1. You are a corporate cyber security specialist. A customer forwarded you an email they received, with an attached deep fake video featuring the face of your CEO seamlessly coupled to the body of a giraffe, recommending an immediate investment in acacia tree farms. What do you do?
A. Call your stockbroker. Find out if there is a market in acacia tree futures. Corner the market.
B. Go to the city zoo, sneak into the giraffe enclosure, and play connect the dots on a giraffe’s leg.
C. Order a tall Caffè Mocha at Starbucks.
D. All of the above.
2. You are a control room operator working the night shift at a $10 billion nuclear power plant. After several canceled safety inspections, alarms are sounding, dozens of red lights are flashing, and a pre-recorded voice repeatedly intones “Danger, Will Robinson.” What do you do?

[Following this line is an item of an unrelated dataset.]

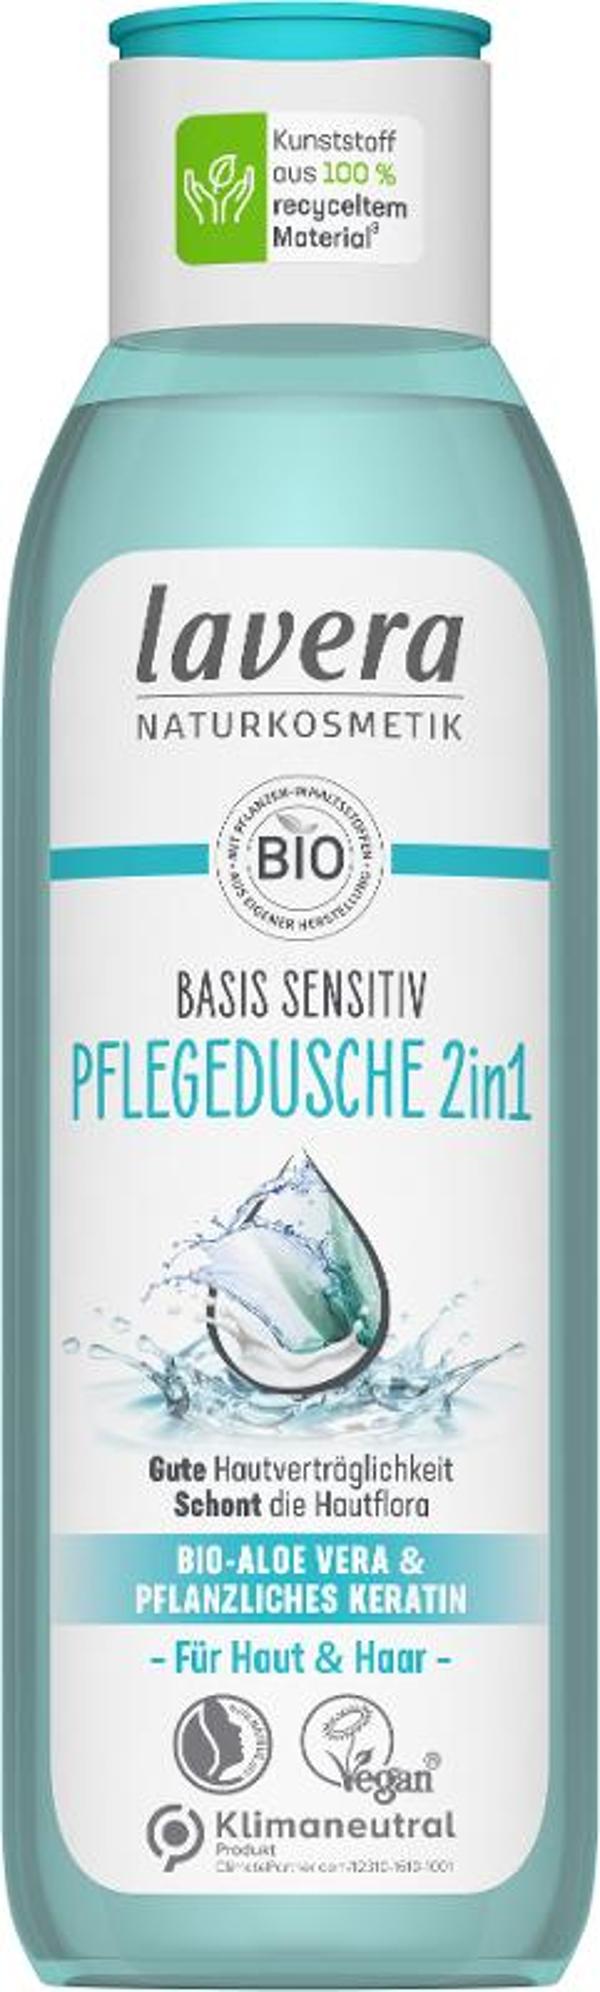 Produktfoto zu Basis sensitiv Pflegedusche 2in1, 250 ml - 25% reduziert, da MHD 05.2024

A. Look for patterns in the flashing red lights that may indicate a path to salvation, or at least the location of the “off” button.
B. Regret missing the relevant training session.
C. Change your Starbucks order to a grande Caffè Mocha.
D. All of the above.
3. You are an airline pilot. While on final approach to your destination airport, air traffic control puts you on hold “for just a sec” because of staffing cuts. What do you do?
A. Stick your head out the window to see if there’s anything on the runway that might be considered problematic or otherwise troublesome.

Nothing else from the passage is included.